When a mother wishes to wean her infant she puts gall upon her breast. Thus the Lord endeavours to draw our souls to Himself, and wean them from the pleasures of this earth, which make them live in forgetfulness of their eternal salvation. He fills with bitterness all their pleasures, pomps, and possessions, in order that, not finding peace in those things, they may turn to God, Who alone can satisfy them. In their affliction they will rise early to me (Osee vi. 1). God says: If I allow those sinners to enjoy their pleasures undisturbed, they will remain in the sleep of sin: they must be afflicted, in order that, recovering from their lethargy they may return to Me. When they will be in tribulation they will say: Come, let us return to the Lord, for he hath taken us, and he will heal us; he will strike and he will cure us (Ib. 1, 2). What shall become of us, those sinners will say, as they enter into themselves, if we do not turn from our evil courses? God will not be appeased, and will with justice continue to punish us: come, let us retrace our steps, for He will cure us; and if He afflicts us now, He will upon our return think of consoling us with His mercy.
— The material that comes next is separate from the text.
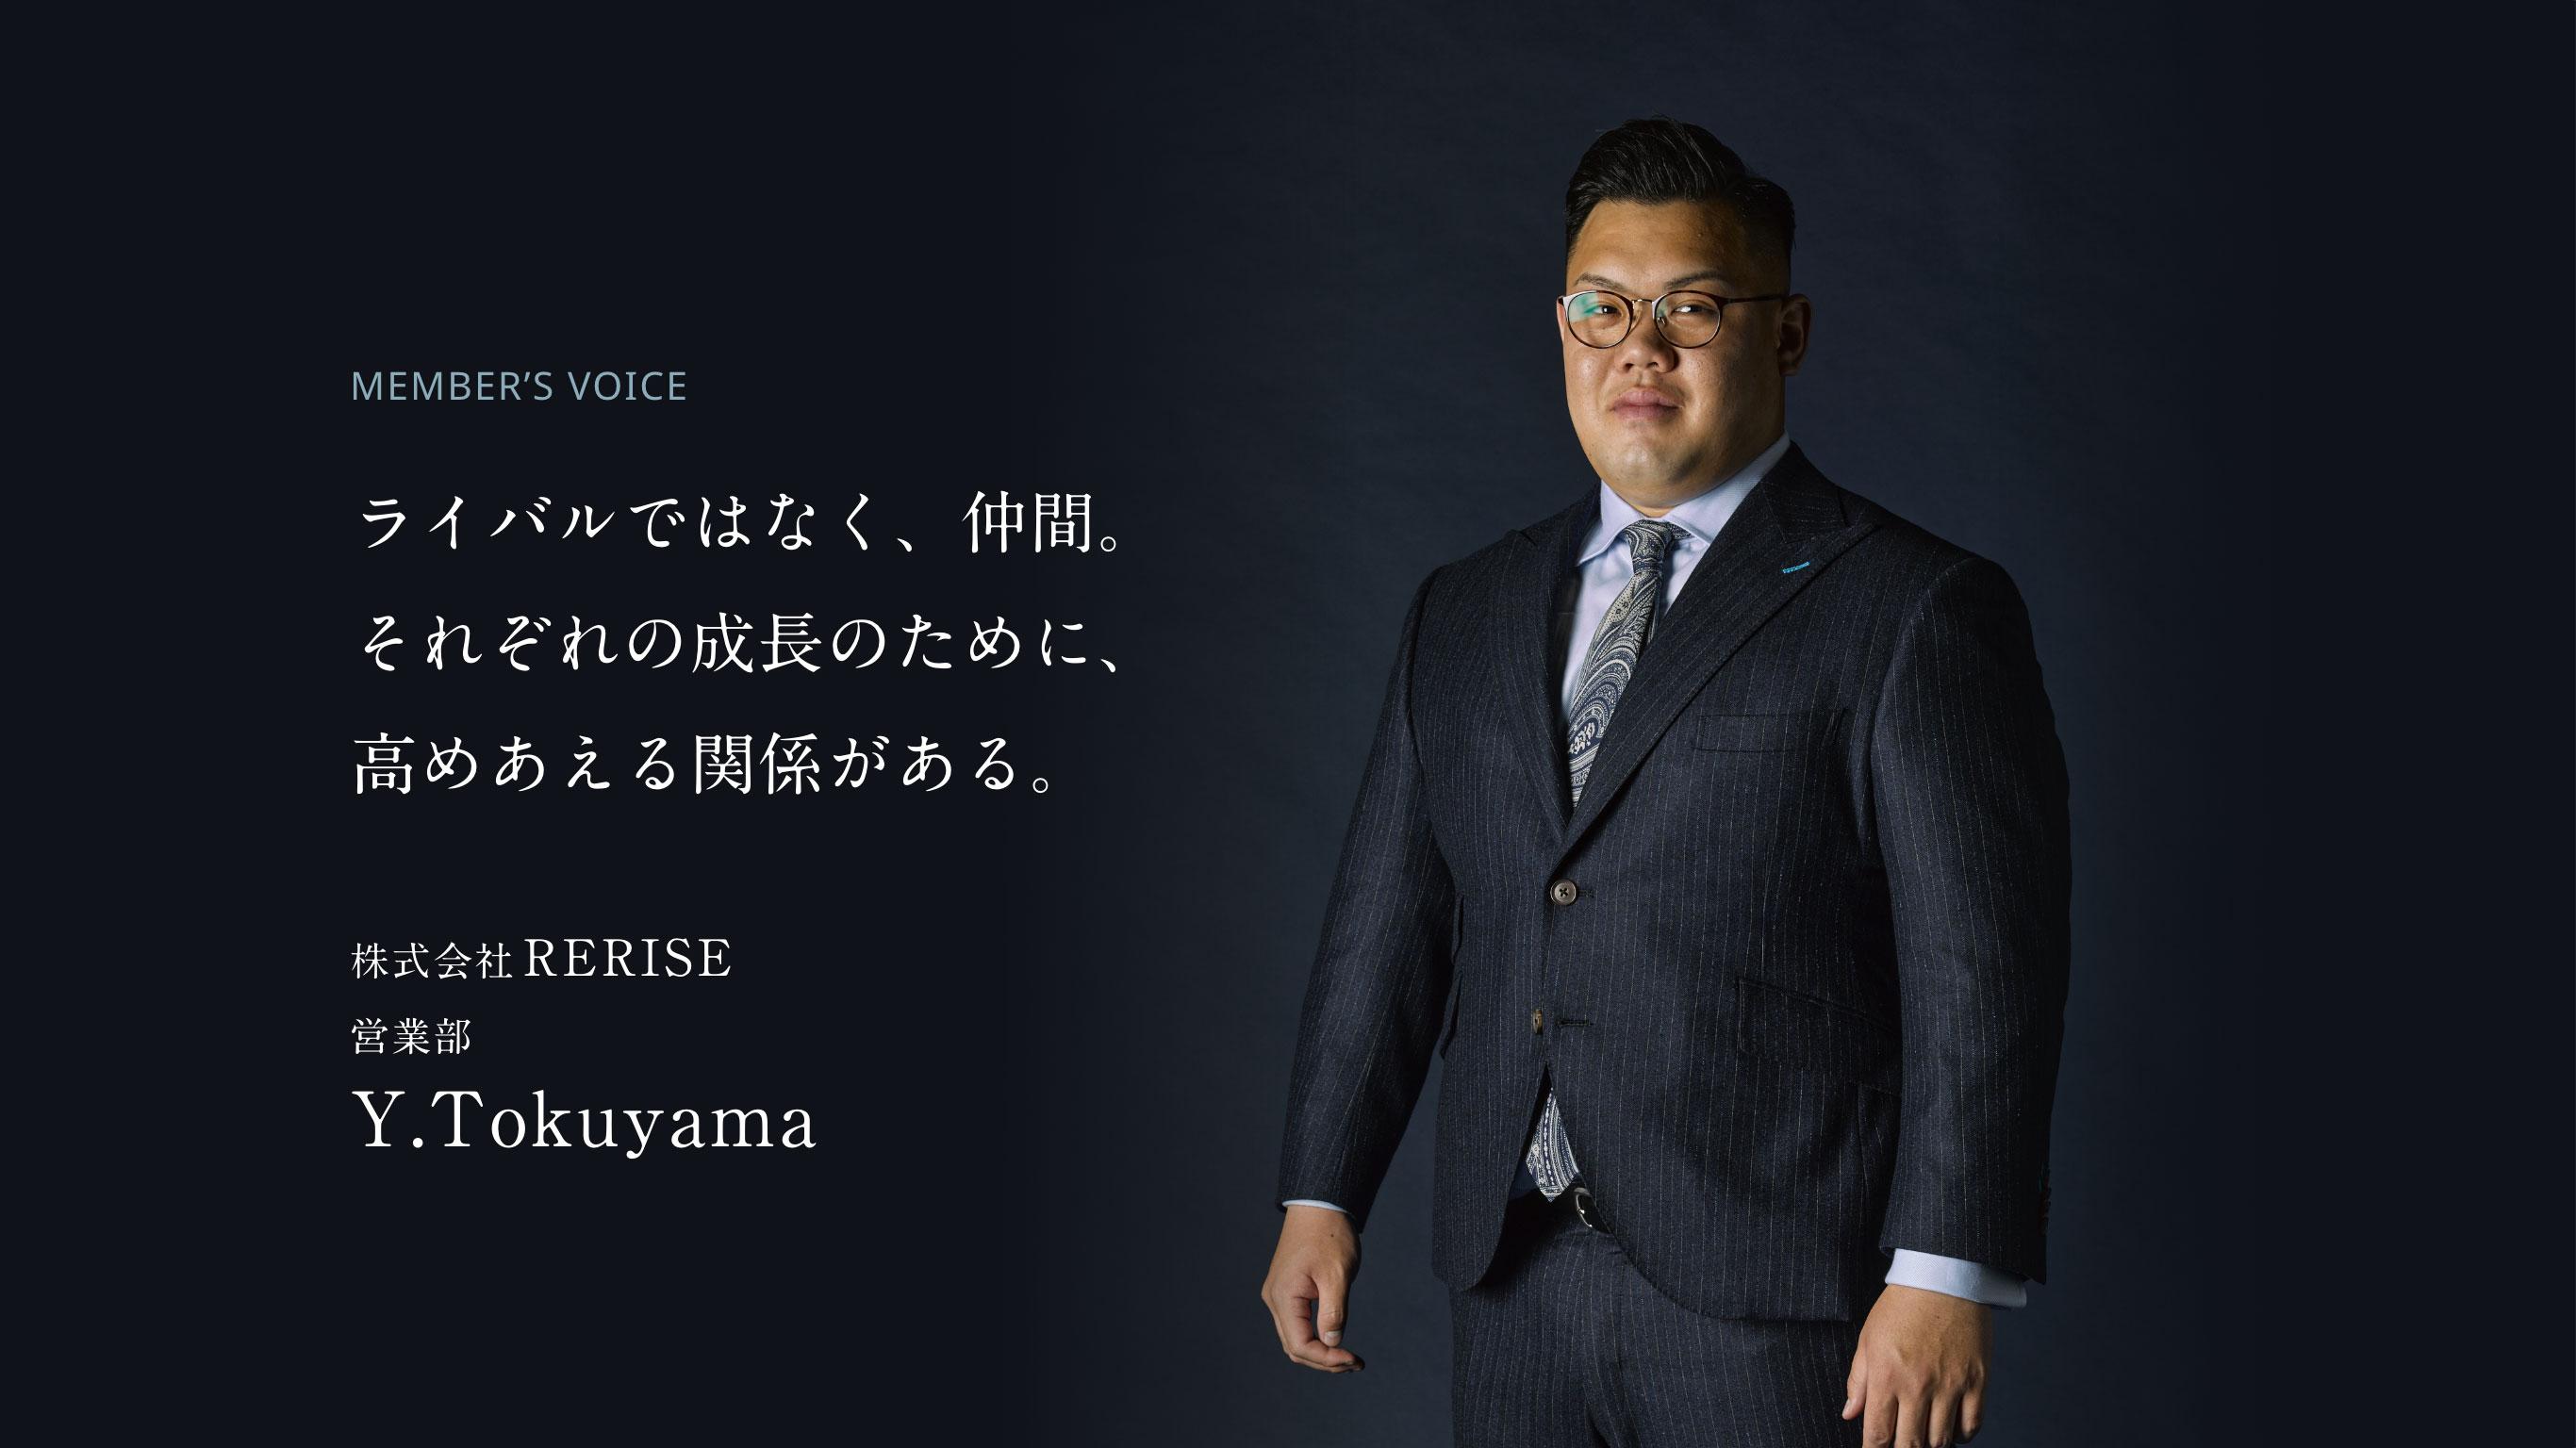 ライバルではなく、仲間。それぞれの成長のために、高めあえる関係がある。 株式会社RERISE 営業部 Y.Tokuyamai

In the day of my trouble I sought God … and I was not deceived (Ps. lxxvi. 3), because He raised me up. For this reason does the Prophet thank the Lord that He hath humbled him after his sin; because he was thus taught to observe the Divine laws: It is good for me that thou hast humbled me, that I may learn thy justifications (Ps. cxviii. 71). Tribulation is for the sinner at once a punishment and a grace, says St. Augustine. It is a punishment inasmuch as it has been drawn upon him by his sins; but it is a grace, and an important grace, inasmuch as it may ward off eternal destruction from him, and is an assurance that God means to deal mercifully with him if he look into himself, and receive with thankfulness that tribulation which has opened his eyes to his miserable condition, and invites him to return to God. Let us, then, be converted and we shall escape from our several chastisements: “Why should he who accepts chastisement as a grace be afraid?” says St. Augustine. He who turns to God, smarting from the scourge, has no longer anything to fear, because God scourges only in order that we may return to Him; and this end once obtained, the Lord will scourge us no more.

St. Bernard says: “It is difficult, even impossible, for any one to enjoy present and future goods; to pass from delights to delights.” Therefore, does the Lord say: Envy not the man who prospereth in his way, the man who doth unjust things (Ps. xxxvi. 7). “Does he prosper?” says St. Augustine; “ay, but ‘in his own way’. And do you suffer? You do, but it is the way of God.” You who walk before God are in tribulation, but the sinner, evil as is his way, prospers. Mark now what the Saint says in conclusion: “He has prosperity in this life, he shall be miserable in the next; you have tribulation in this life, you shall be happy in the next.” Be glad, therefore, and thank God when He punishes you in this life, and takes vengeance of your sins; because you may know thereby that He means to treat you with mercy in the next. Thou wast a merciful God to them, and taking vengeance on their inventions (Ps. xcviii. 8). The Lord when He chastises us has not our punishment so much in view as our conversion. God said to Nabuchodonozor: Thou shalt eat grass like an ox, and seven times shall pass over thee till thou know that the Most High ruleth in the kingdom of men (Dan iv. 29). For seven years Nabuchodonozor, shalt thou be compelled to feed on grass like a beast in order that thou mayest know I am the Lord; that it is I Who give kingdoms, and take them away; and that thou mayest thus be cured of thy pride. And in fact this judgment did cause the haughty king to enter into himself and change; so that, after having been restored to his former condition, he said: Therefore I, Nabuchodonozor, do now praise and magnify the King of heaven (Ibid. 34). And God gave him back his kingdom. “He willingly changed his sentence,” says St. Jerome, “because he saw his life was changed.”